» EXERCISE: Scan the records for the string "Women"; copy each line where it occurs.

» RECORDS SUPPLIED:
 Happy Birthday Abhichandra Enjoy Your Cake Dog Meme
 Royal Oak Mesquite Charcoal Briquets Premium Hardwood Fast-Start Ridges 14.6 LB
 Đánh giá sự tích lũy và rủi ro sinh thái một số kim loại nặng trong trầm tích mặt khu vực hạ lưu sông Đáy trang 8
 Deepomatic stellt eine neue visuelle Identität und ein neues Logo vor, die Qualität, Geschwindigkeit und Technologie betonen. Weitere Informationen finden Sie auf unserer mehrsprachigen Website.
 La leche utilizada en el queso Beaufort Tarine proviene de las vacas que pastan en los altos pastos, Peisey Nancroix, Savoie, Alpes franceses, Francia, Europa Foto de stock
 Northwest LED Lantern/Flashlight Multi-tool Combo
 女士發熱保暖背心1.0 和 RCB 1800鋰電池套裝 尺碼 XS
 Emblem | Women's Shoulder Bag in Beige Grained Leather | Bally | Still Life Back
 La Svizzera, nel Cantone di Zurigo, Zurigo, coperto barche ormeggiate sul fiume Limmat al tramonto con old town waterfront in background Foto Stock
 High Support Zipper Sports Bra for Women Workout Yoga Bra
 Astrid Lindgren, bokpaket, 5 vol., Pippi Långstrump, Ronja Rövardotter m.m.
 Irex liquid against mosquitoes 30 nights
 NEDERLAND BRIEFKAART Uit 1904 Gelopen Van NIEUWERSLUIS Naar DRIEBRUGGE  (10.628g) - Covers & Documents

» WRITTEN SOLUTION:
 Emblem | Women's Shoulder Bag in Beige Grained Leather | Bally | Still Life Back
 High Support Zipper Sports Bra for Women Workout Yoga Bra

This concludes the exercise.